Legislation Type Short Code
House Concurrent Resolution hconres
House Joint Resolution hjres
House Bill hr
House Resolution hres
Senate Bill s
Senate Concurrent Resolution sconres
Senate Joint Resolution sjres
Senate Rule sres

Each file is in XML format and consists of the legislation text and metadata.

Usage

Requirements

This project uses uv to manage project dependencies.

Setup

# Clone the repo
git clone https://github.com/ellisvalentiner/legislation-embeddings.git
# Change into the repo directory
cd legislation-embeddings
# Install dependencies
uv sync

Crawling

This project uses scrapy to crawl the bulk data API and extract the data into a format that can be used for training embeddings.
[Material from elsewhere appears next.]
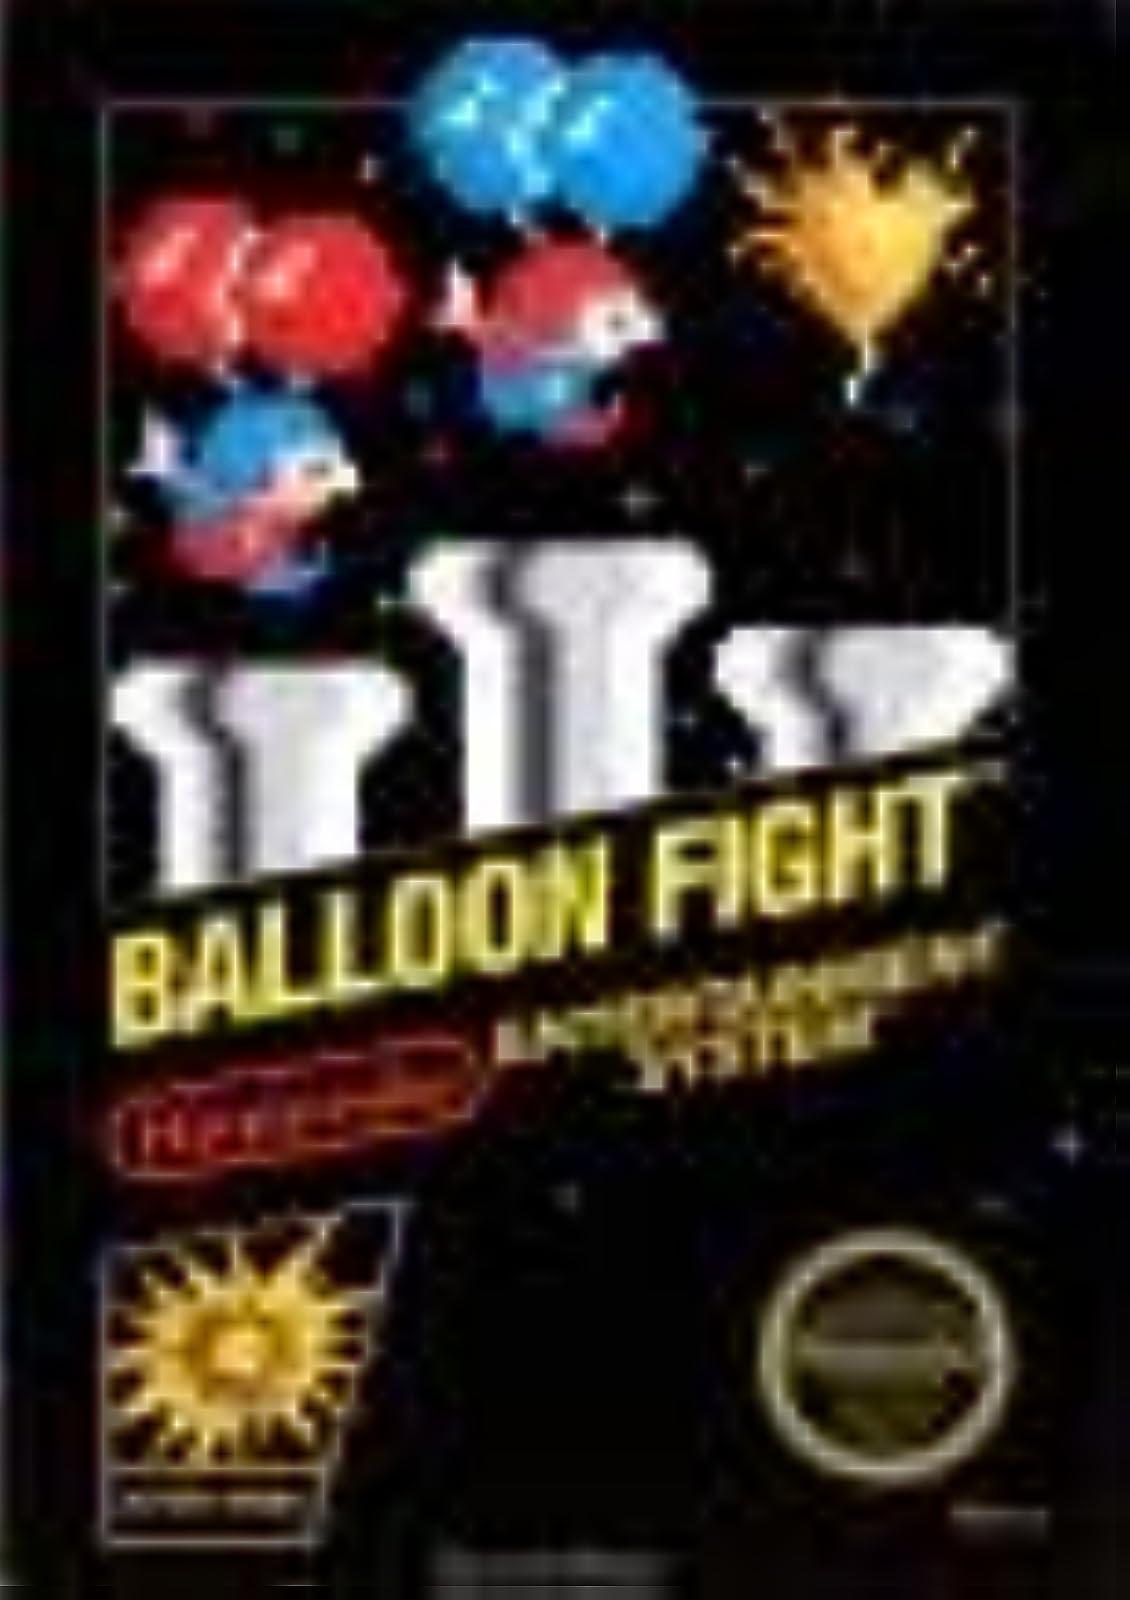 Balloon Fight For Nintendo NES Vintage

The crawler is configured to start at the beginning of each Congress, crawl through the nested directory structure, and extract all legislation. The legislation data are XML files containing the legislation text and metadata.

You can run the crawler with:

uv run scrapy crawl legislation

This will walk the hierarchy of the Congress legislation API and download all legislation data into a directory (/data). It also creates a download_state.json file that tracks the state of the crawler doesn't download legislation that has already been downloaded. Re-running the crawler will skip legislation that has already been downloaded, although it will still crawl through the hierarchy.

Embedding

The legislation data is then processed to generate embeddings using the all-MiniLM-L6-v2 model. This is a relatively small model, so it's possible to run this code locally on a laptop. The model is a sentence transformer model that can embed the entire text of a legislation document to a 384-dimensional vector.

The embeddings are stored in a Chroma vector database (in the /embeddings directory).

You can generate and store embeddings for legislation using the following code:

uv run process

By default, only 10,000 random legislation files are processed. You can change the number of files processed by setting the limit parameter in the config.py file or by passing the --limit argument to the script.

# Reduce the number of files processed to 100
uv run process --limit 100

📓 Note any of the Config parameters can be changed by their command line arguments.

Search

Once the data is processed and embeddings are stored in the vector database, the embeddings can be searched.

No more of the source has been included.